Post by punched_by_thoughts »

This week was absolutely exhausting... I've been working with a counselor for 6 months or so and at one point I discussed with him how my mom cleaned my mouth out with soap and spanked me when I was little. He looked at me shocked and I thought about it and said "This is a pretty common consequence for people my age to have dealt with." He looked at me and said, "No, it's not, and even if it was common it's still abuse."

Fast forward about 3 months to this week, and I'm reflecting a lot. First, I've disassociated a lot of my life away as a coping mechanism for stress and trauma because that's how I coped with childhood. I've also realized that since my mom is covertly abusive, it's not very visible to most others, and so it was easy to assume that I was just too sensitive when I was younger, It didn't help that my father was emotionally neglectful.

I am constantly seeking validation and approval as a result, so work has been incredibly crushing because my work employers provide no appreciation to there staff, despite the hard work and effort with put in, and I'm so self-conscious that I keep everything to myself because I feel as though the conversations by fellow staff tend to be shallow.
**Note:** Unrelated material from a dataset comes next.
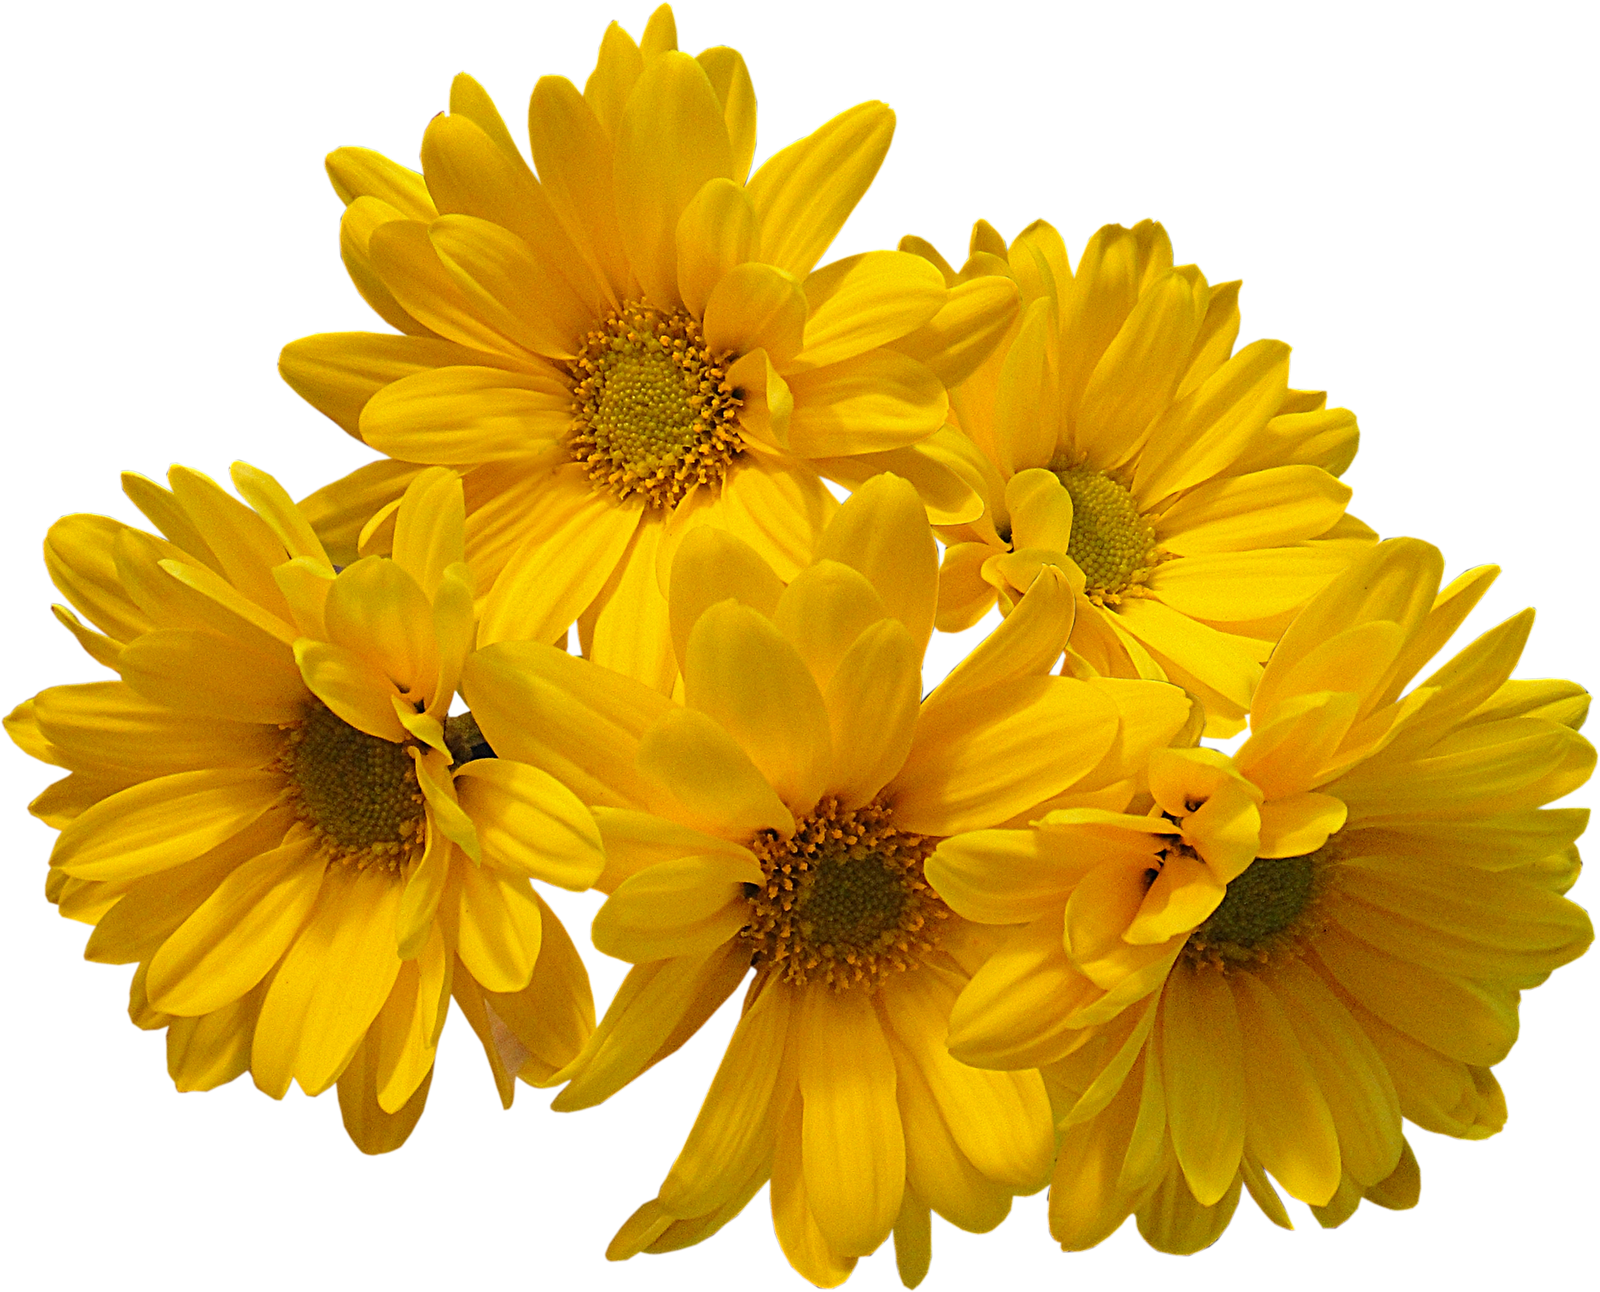 Yellow Flowers Bouquet Transparent Image PNG Image

Anyways, I'm coming to grips with the thoughts of being emotionally/physically abused and emotionally neglected, and how much this has rippled into my present life, and why I get so uncomfortable and anxious about anything that I want to do and bonus marks on this one, my mom will only give me validation if I'm in tears and I ask "Do you and dad think I'm essential to the family" thank god she said yes as I was having a bad break down, but then 2 days later I call and let her know I'm doing a bit better and she says "I knew you would get over it." and now I'm thinking to myself "welp, guess it doesn't really matter how I felt.

Fuck my life...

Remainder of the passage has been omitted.